The Wallace H. Coulter Department of Biomedical Engineering, Georgia Institute of Technology and Emory University, Atlanta, GA, 30332, USA.
School of Chemistry and Biochemistry, Georgia Institute of Technology, Atlanta, GA, 30332, USA.
Chemistry. 2018 Jun 18;24(34):8513-8518. doi: 10.1002/chem.201800525. Epub 2018 May 16.
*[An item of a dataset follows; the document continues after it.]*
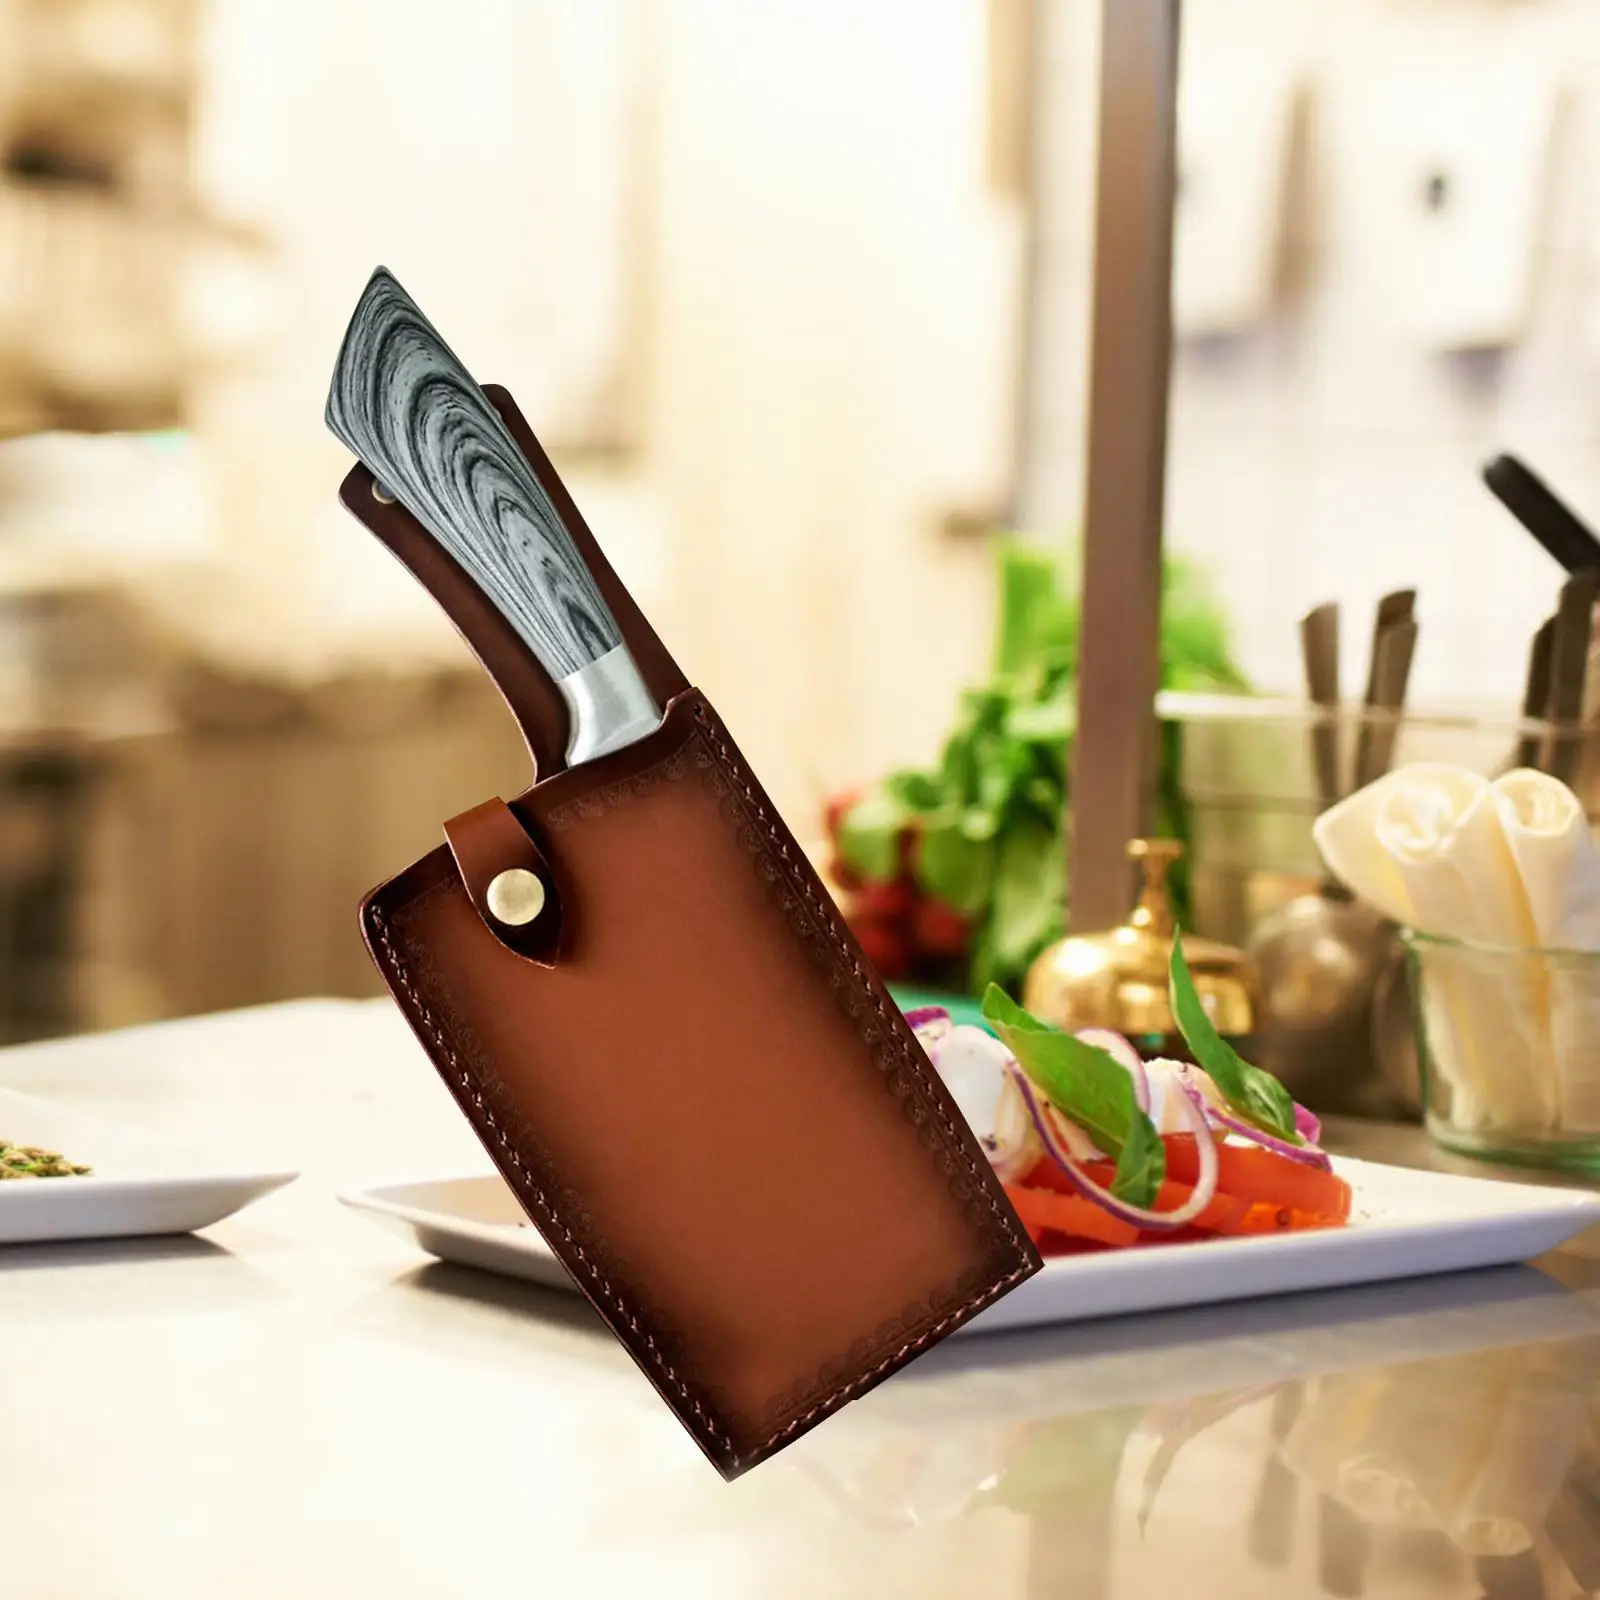 Knife Sheath Protector Cutter Tool Durable Chef Knife Protection Portable Kitchen Knife Cover Knife Sleeve Cleaver Sheath

A quantitative understanding of the sub-cellular distributions of nanospheres taken up by cells is of key importance to the development of effective nanomedicine. With gold nanospheres as a model system, here we demonstrate, for the first time, how to quantify the numbers of nanospheres bound to plasma membrane, accumulated in cytosol, and entrapped in endo-lysosomes, respectively, through stepwise, site-selective etching. Our results indicate that the chance for nanospheres to escape from endo-lysosomes is insensitive to the presence of targeting ligand although ligand-receptor binding has been documented as a critical factor in triggering internalization. Furthermore, the presence of serum proteins is shown to facilitate the binding of nanospheres to plasma membrane lacking the specific receptor. Collectively, these findings confirm the potential of stepwise etching in quantitatively analyzing the sub-cellular distributions of nanospheres taken up by cells in an effort to optimize the therapeutic effect.
定量了解细胞内纳米球的亚细胞分布对于开发有效的纳米医学至关重要。本文以金纳米球为模型系统,首次展示了如何通过逐步、选择性刻蚀,分别定量测定与质膜结合、在胞质中积累和内吞体中包裹的纳米球的数量。我们的结果表明,尽管已有文献报道配体-受体结合是触发内吞作用的关键因素,但纳米球从内吞体逃逸的机会与靶向配体的存在无关。此外,还表明血清蛋白的存在有助于纳米球与缺乏特异性受体的质膜结合。总的来说,这些发现证实了分步刻蚀在定量分析细胞摄取的纳米球亚细胞分布方面的潜力,有助于优化治疗效果。